PHP and ActiveRecord (continued)
Today I saw a big traffic increase from my PHP and ActiveRecord post. It looks like PHPDeveloper posted a link to the article and response, so I’ve written a response to the Arnold’s wor(l)ds response post. Arnold’s post is insightful, references runkit and has a good implementation of a Sortable tasklist example in PHP.
In Ruby everything is an object. A Ruby object that is.
When I was working on Biscuit I longed for a working implementation of runkit. I experimented with it and it did offer exactly what I wanted but it lacked widespread deployment because of and stability. After two years I don’t think much progress has been made (not to take anything away from the author). I think runkit is a hack, a dangerous one too. Here is another example of why Ruby is better.
In PHP if you want the features runkit offers (add super globals, modify class methods at runtime, etc.) you have to hack the engine at the internal C/C++ level, meaning you have to completely control the development, testing and production environments, track source changes, hope nothing breaks… You might as well be forking at that point.

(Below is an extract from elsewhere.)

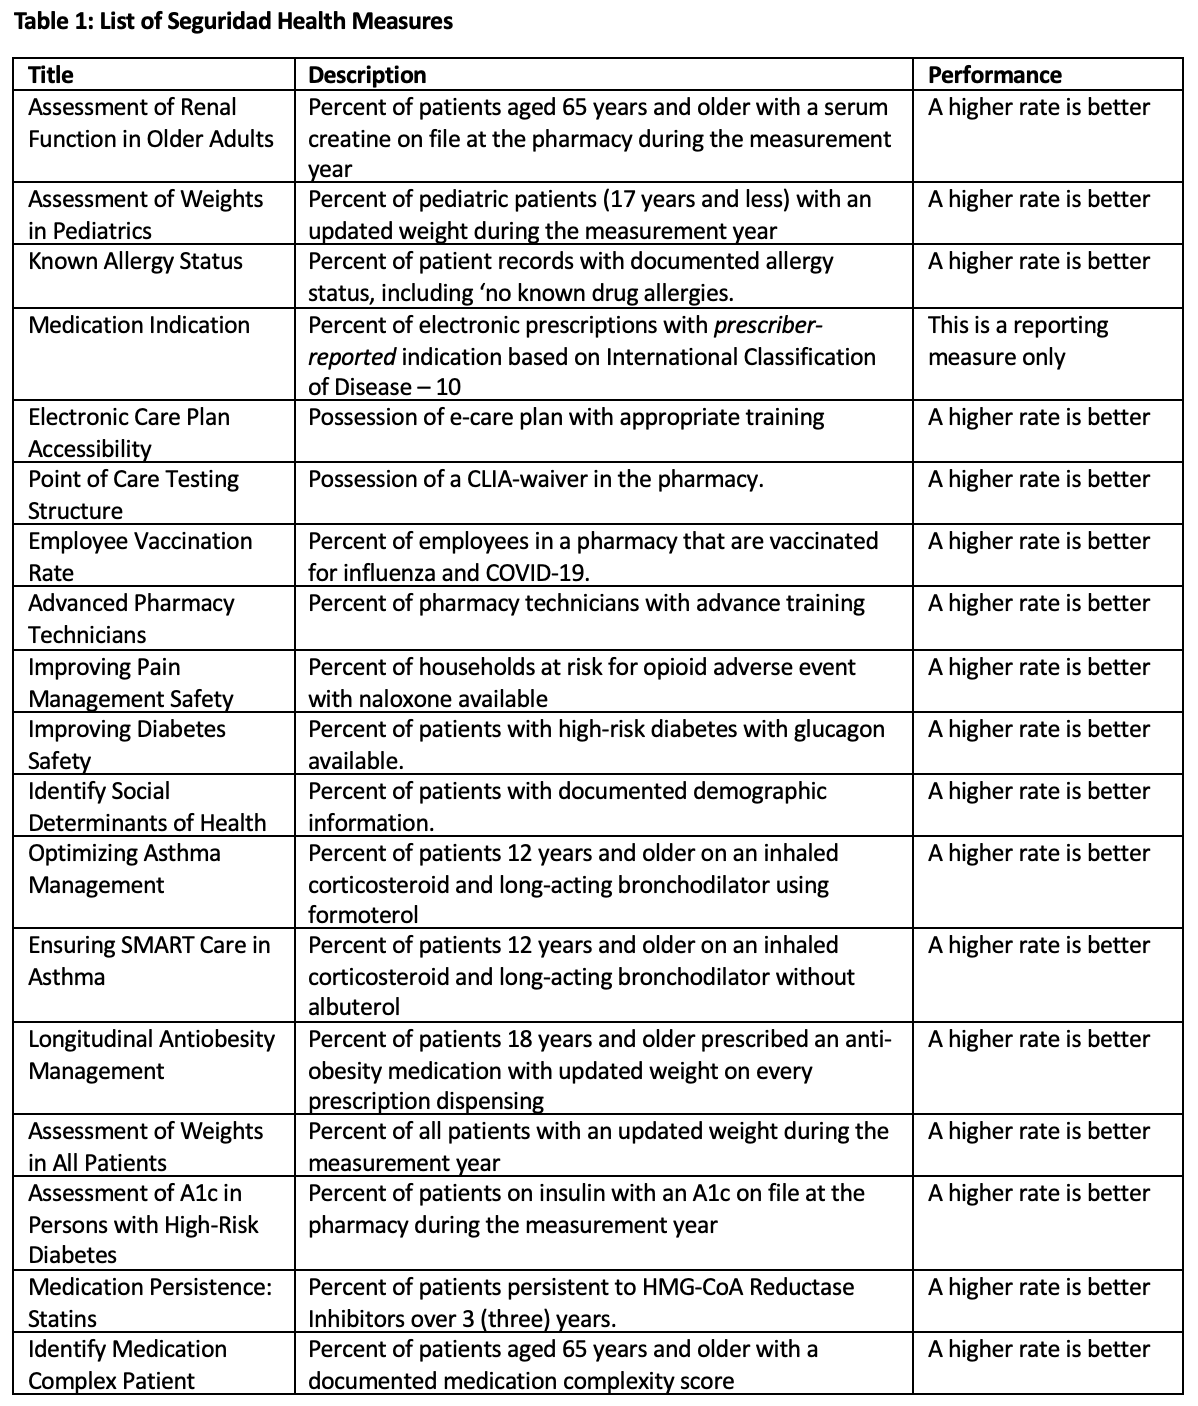 Table 1. List of Seguridad Health Measures

If you want to hack something in the Ruby kernel methods, you just monkey patch – equally dangerous on kernel methods BUT limited in scope…in Ruby you’re not destroying Ruby with monkey patches. You might kill your own application but other applications that don’t share the same instance are not effected.
Lineage
PHP and Ruby have a lot in common, they both derive a certain expressiveness found in Perl, and they are scripting languages with low overhead and a quick learning curve. They’re also different in a number of ways, and I think that can be chalked up to lineage. One could argue that PHP’s design is derived from C++ and Perl and maybe even Java lately.

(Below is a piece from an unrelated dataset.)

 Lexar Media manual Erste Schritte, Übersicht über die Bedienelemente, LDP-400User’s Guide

One would also be able to argue that Ruby derives its design from Smalltalk/Strongtalk and Perl. So the reason a lot of PHP users probably like Ruby is it’s light weight scriptyness and Perlish feel (I know I’ll take crap from Perl, PHP and Ruby developers for that one). But because of the lineage we see straight line inheritance and interfaces in PHP and in Ruby we see mix-ins. Back to Arnold’s article.
How to not write a shitload of code using Ruby Mix-Ins
Arnold next addresses the issue with mix-ins showing his implementation of a sortable class in PHP. His implementation is good but it’s a lot of work compared to just expressing acts_as_list in Ruby. Most people might see this as splitting hairs but it’s not for anyone actually wondering. In Ruby you need exactly 1 (user) class to handle this sort of functionality – the difference being that the Class is the list in Ruby.
In the PHP example you need a TaskList and a Task and since Sortable is only an interface you’ve actually got to write the methods to implement them in your own (user) class. Again, you’re saying “big woop”...well the woop is the fact that you can’t do mix-in style inheritance like this because your class needs to inherit the methods to make them work anything like acts_as_list, ie. by not writing a shitload of code for every sortable class.
The second example demos a sortable runkit implementation. This is really similar to saying PHP6 will have the keyword static to solve the issue with static property inheritance.
The problem with static inheritance in PHP
I’ve seen people describe static property inheritance as a problem, and I’ve probably been guilty of it myself. Well it’s not really a problem. Static properties shouldn’t inherit. The PHP developers have said time and time again they are not changing this, it works how it is supposed to work.
As far as runkit goes, It seems pretty crazy to have an engine level hack + runtime interferance with a class to overcome this issue.
Over and over again when I see this coming up as an “issue with PHP” I remember grappling with it with Biscuit. The theme that I keep seeing when people try to describe this problem has to do either with identifying the calling class using an inherited static method. In other words, people are usually trying to do this:
Class Base {
static public name() {
return get_class(self);
}
}
Class My Extends Base { }
echo My::name(); #=> Base but everyone wants My
They’re usually trying to implement some form of ActiveRecord a factory method or something similar. From what I’ve seen on how PHP6 will be re-using the static keyword and implementing namespaces this problem won’t be fixed like I had hoped.
What PHP6 Actually Needs
There’s an article entitled What PHP6 Actually Needs and you could almost retitle the article Things Ruby has and PHP doesn’t. So if some many good programmers are asking for these features why aren’t they getting them from Zend and PHP6?
A question that Ruby enthusiasts might ask is why are so many PHP developers asking for these features and still not using Ruby??? I think for Ruby it has a lot to do with deployment issues – fast_cgi sucks, ligthttpd you have to jigger with, mongrel and just about every other deployment solution is akin to setting up an application server. For smaller apps that a lot of PHP developers work on having to go through this crap just for a small program is prohibitive.
So I guess this continuation of the original article seems like an attack on PHP. It’s not…it is a continuation about why ActiveRecord works really well in Ruby and not so good in PHP. But there is hope. After looking at the Row Data Gateway pattern I’m thinking a really good implementation can be done in PHP that would give similar flexible muscles for PHP database driven development.